Course Structure and Content
The programme is organised into ten comprehensive chapters, building progressively from foundational concepts to advanced applications:- Introduction to Data-Driven Decision Making Understand the principles and importance of using data as a foundation for business decisions and the shift from intuition to evidence-based strategies.
- Data Collection and Integration for Decision Making Learn techniques for gathering reliable data from multiple sources and integrating it into coherent datasets that support effective decision-making.
- Data Analytics Techniques for Decision Making Explore statistical and analytical methods, including descriptive, diagnostic, predictive, and prescriptive analytics, tailored to decision-making contexts.
- Data Visualisation for Decision Making Discover how to present data insights clearly through visualisation techniques such as charts, dashboards, and infographics, enabling stakeholders to act with confidence.
- Decision Making Frameworks and Models Study established decision-making frameworks such as rational models, bounded rationality, and multi-criteria analysis, and learn how to apply them to real-world challenges.
- Real-Time Data and Decision Making Examine the role of real-time data in enhancing agility, responsiveness, and operational efficiency within organisations.
- Ethical Considerations in Data-Driven Decision Making Address the ethical and legal challenges of using data, including issues of bias, fairness, transparency, and compliance with data protection regulations.
- Predictive Analytics for Data-Driven Decision Making Learn how predictive models and techniques can forecast future outcomes and guide strategic planning and risk management.

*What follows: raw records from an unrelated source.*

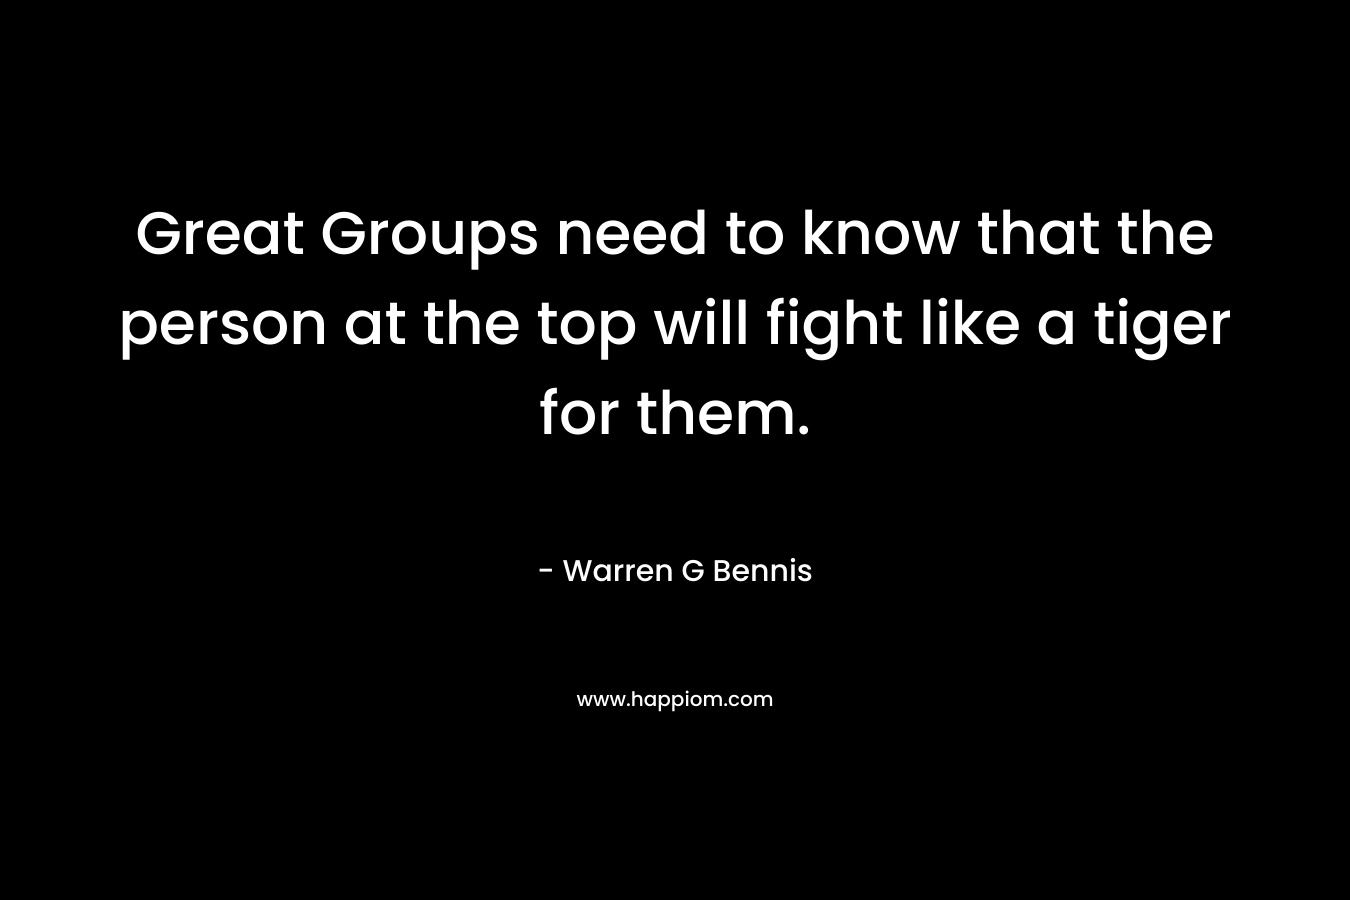 Great Groups need to know that the person at the top will fight like a tiger for them. – Warren G Bennis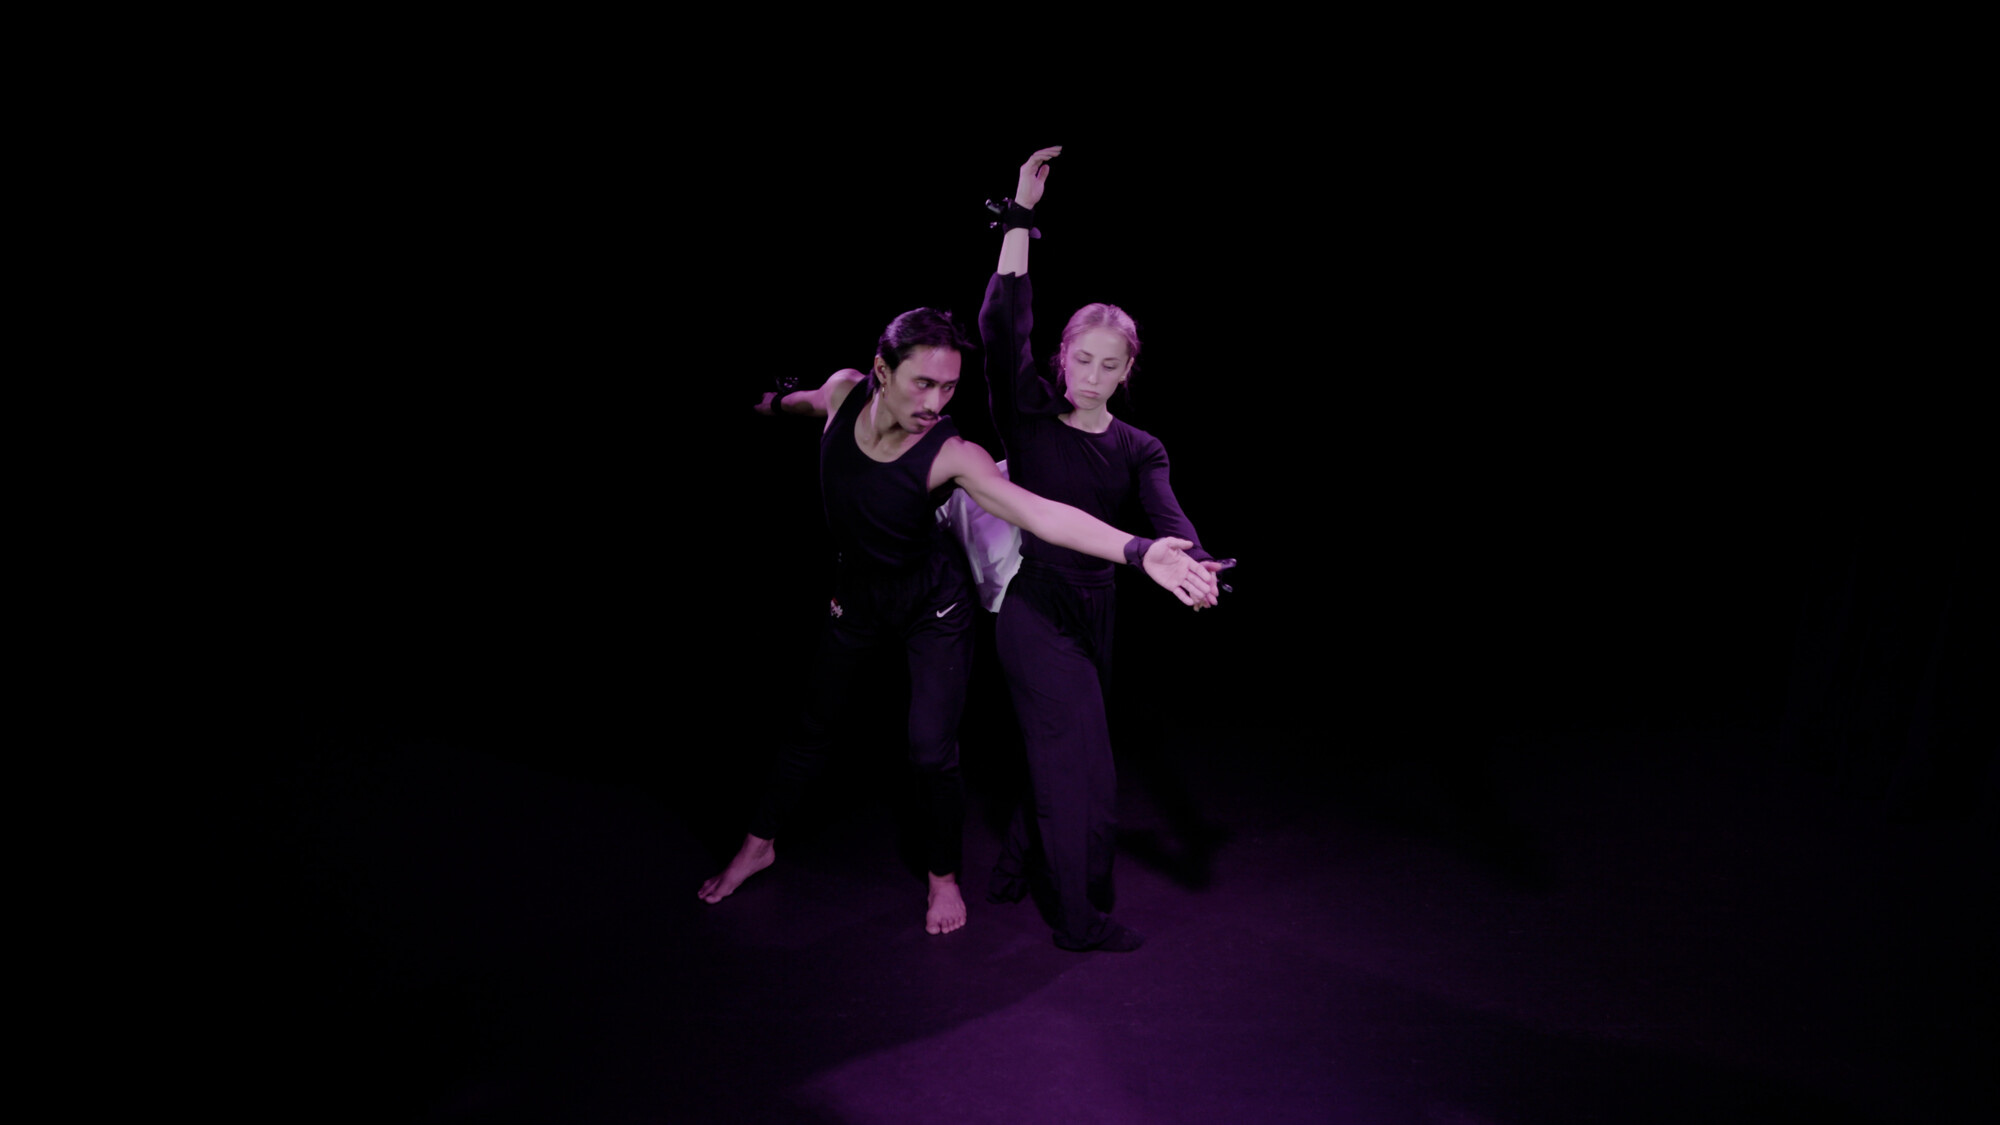 Two actors in wearing black perform in front of a black backround.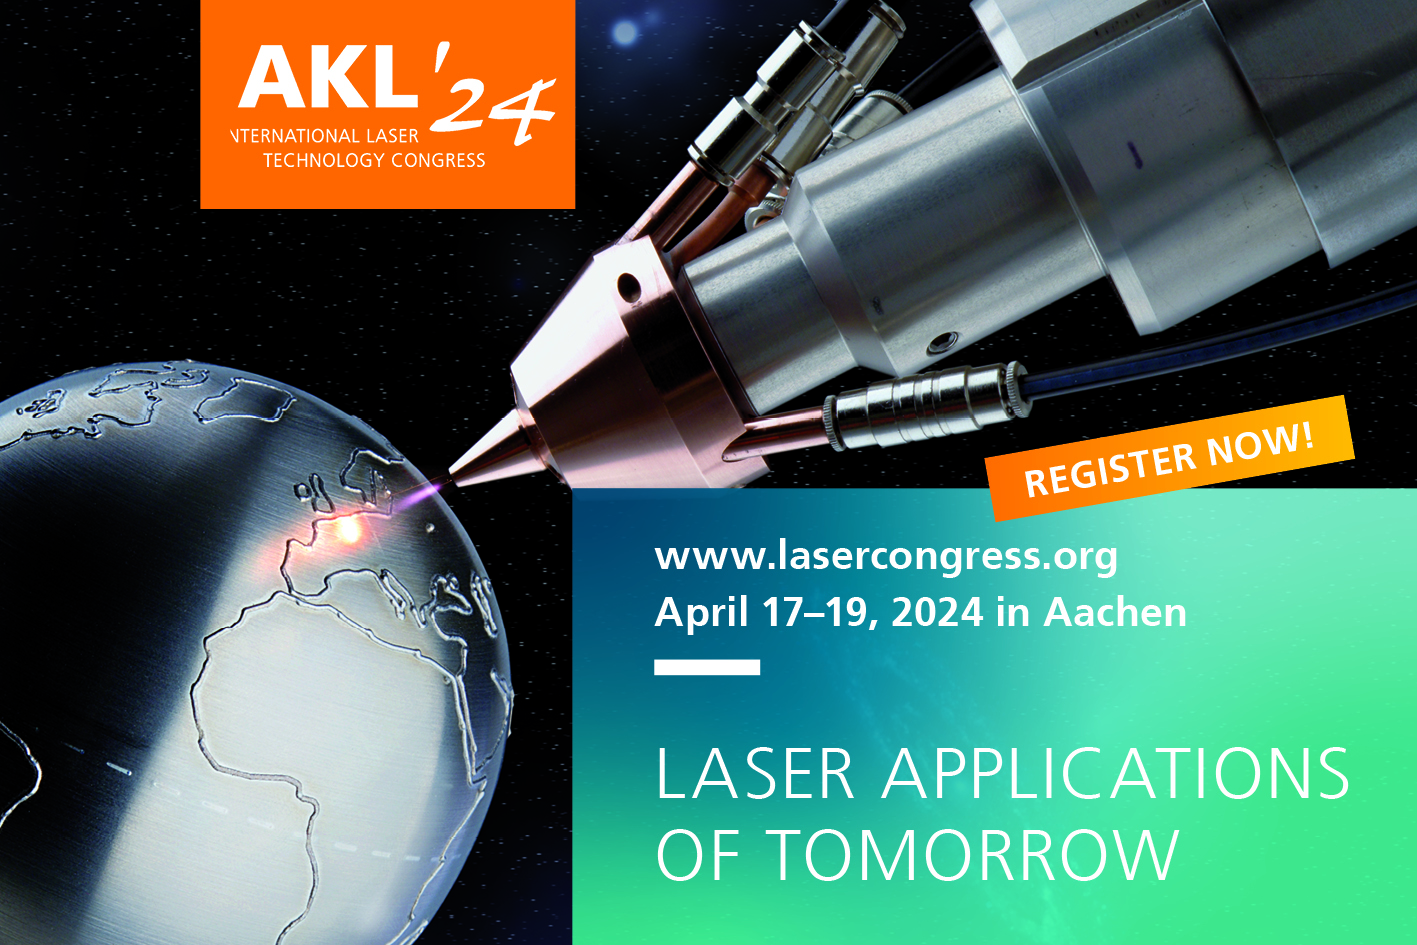 Registration for AKL'24 is now open at www.lasercongress.org.

- Machine Learning for Data-Driven Decision Making Explore how machine learning algorithms can automate analysis, uncover patterns, and support complex decisions in dynamic environments.
- Future Trends in Data-Driven Decision Making Gain insights into emerging technologies and trends shaping the future of decision-making, including AI, big data, and advanced analytics platforms.
Learning Outcomes
By the end of the course, learners will be able to:- Apply data-driven decision-making frameworks to enhance business outcomes.
- Use data analytics techniques to support strategic and operational decision-making.
- Present complex data insights effectively through visualisations and communication strategies.
- Assess the ethical implications of using data in decision-making processes.
- Explore emerging trends and technologies that are transforming the future of data-driven decision-making.
Learning Materials
To ensure a practical and engaging learning experience, the course includes:- Recorded video lectures to explain key theories and methods.
- Visual slides to support conceptual clarity and retention.
- Case examples demonstrating the application of data-driven decision-making in real-world scenarios.
- Practical exercises that allow learners to practise and refine their decision-making skills.